# Supplied data:
- Opening Delimiter -

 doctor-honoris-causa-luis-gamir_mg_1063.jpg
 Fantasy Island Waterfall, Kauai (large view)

- Closing Delimiter -
- Opening Delimiter -

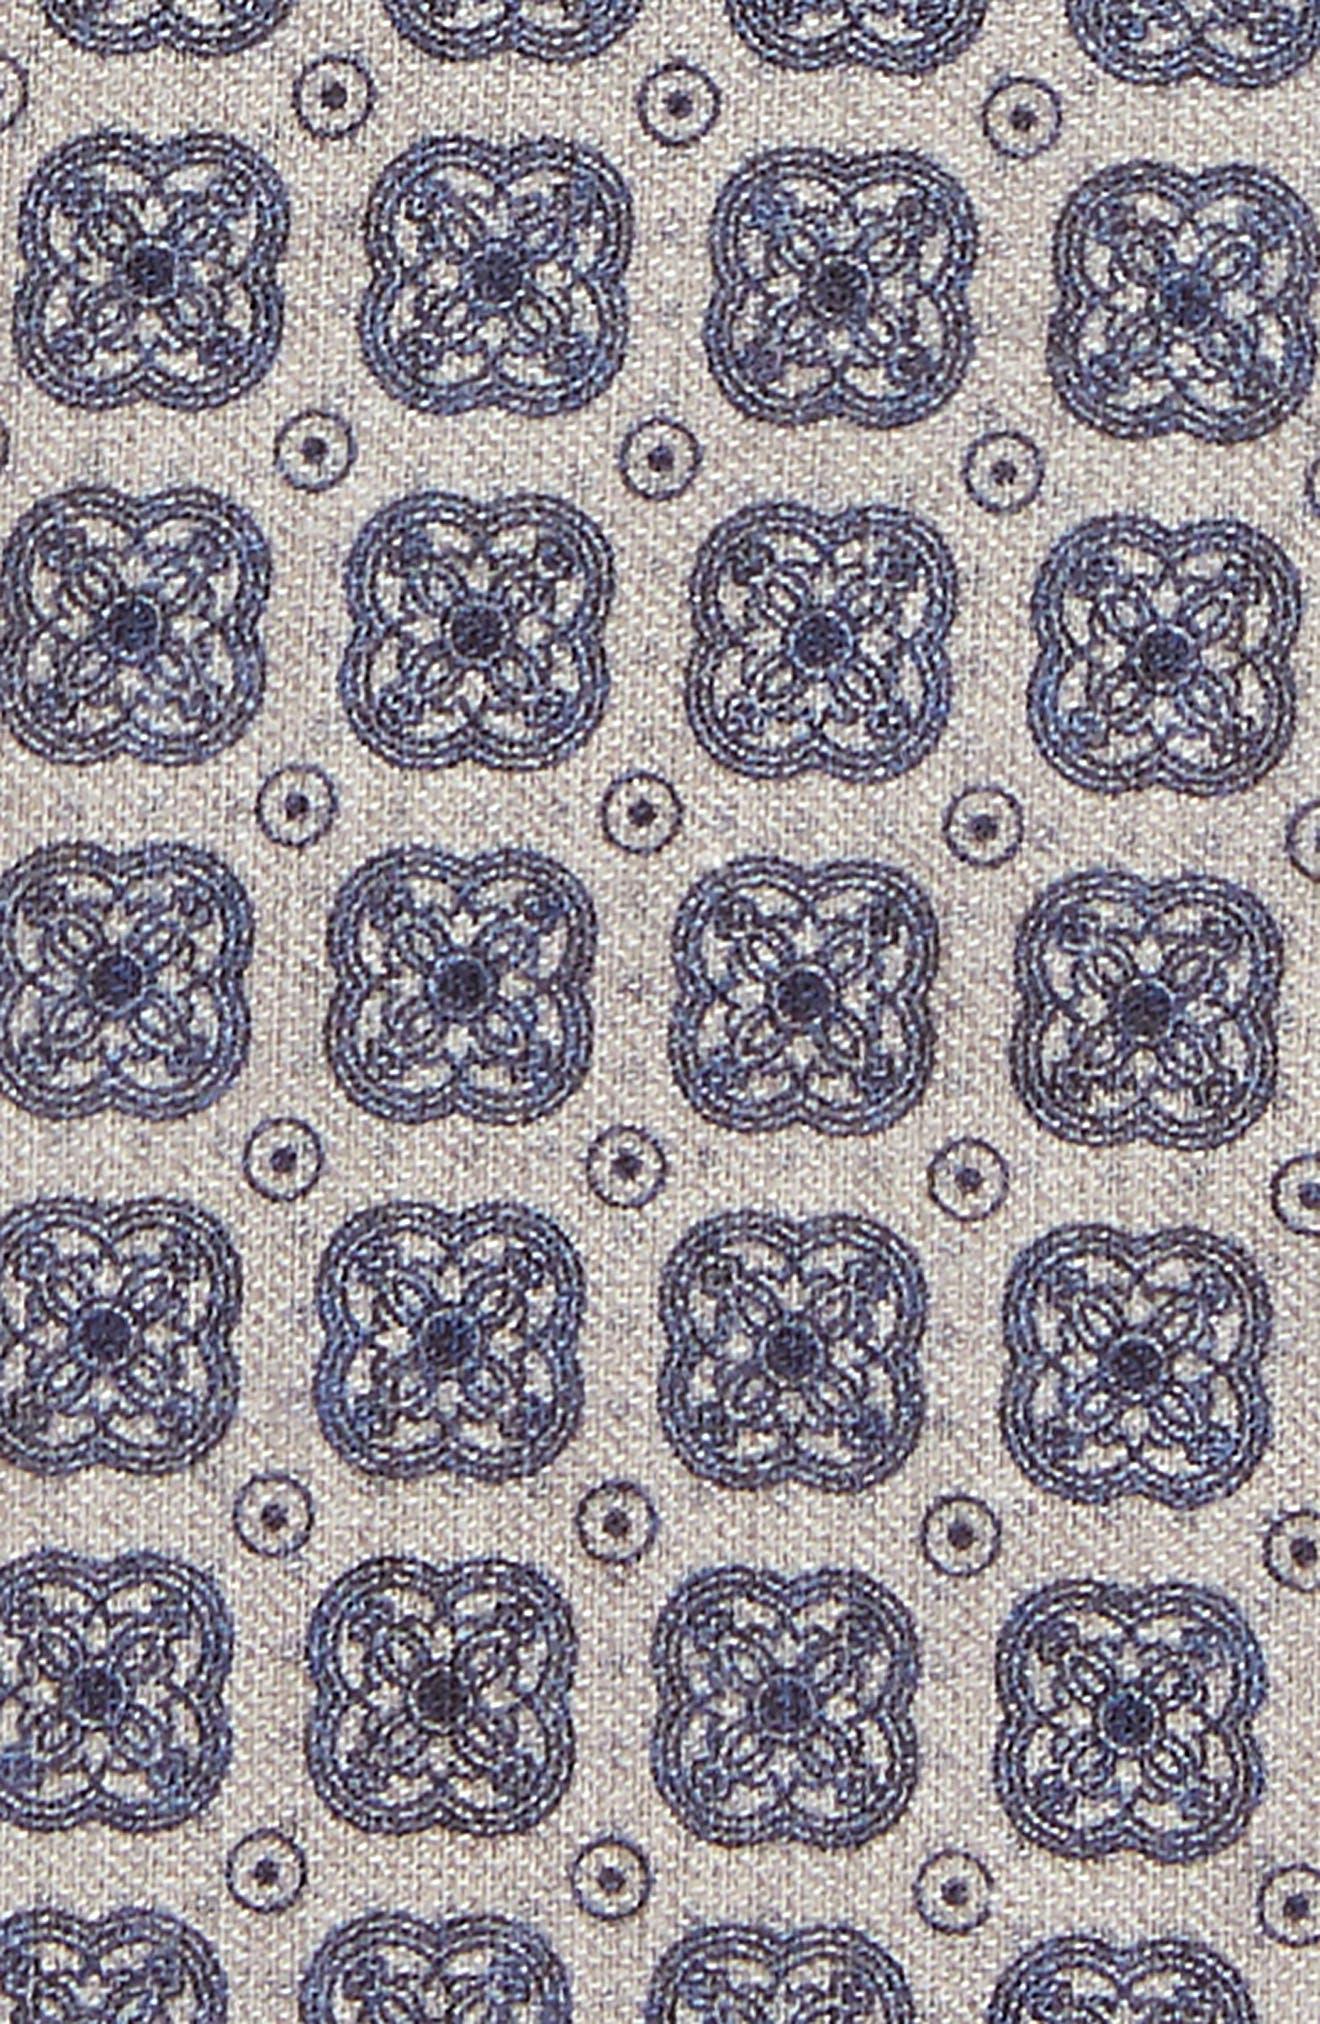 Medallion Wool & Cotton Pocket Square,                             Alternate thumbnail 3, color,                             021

- Closing Delimiter -

# What is needed:
For this exercise, repeat exactly the lines of the data above from the one with "doctor-honoris-causa-luis-gamir_mg_1063.jpg" down to the one with "Fantasy Island Waterfall, Kauai (large view)", both end lines included.

# Solution to the problem:
 doctor-honoris-causa-luis-gamir_mg_1063.jpg
 Fantasy Island Waterfall, Kauai (large view)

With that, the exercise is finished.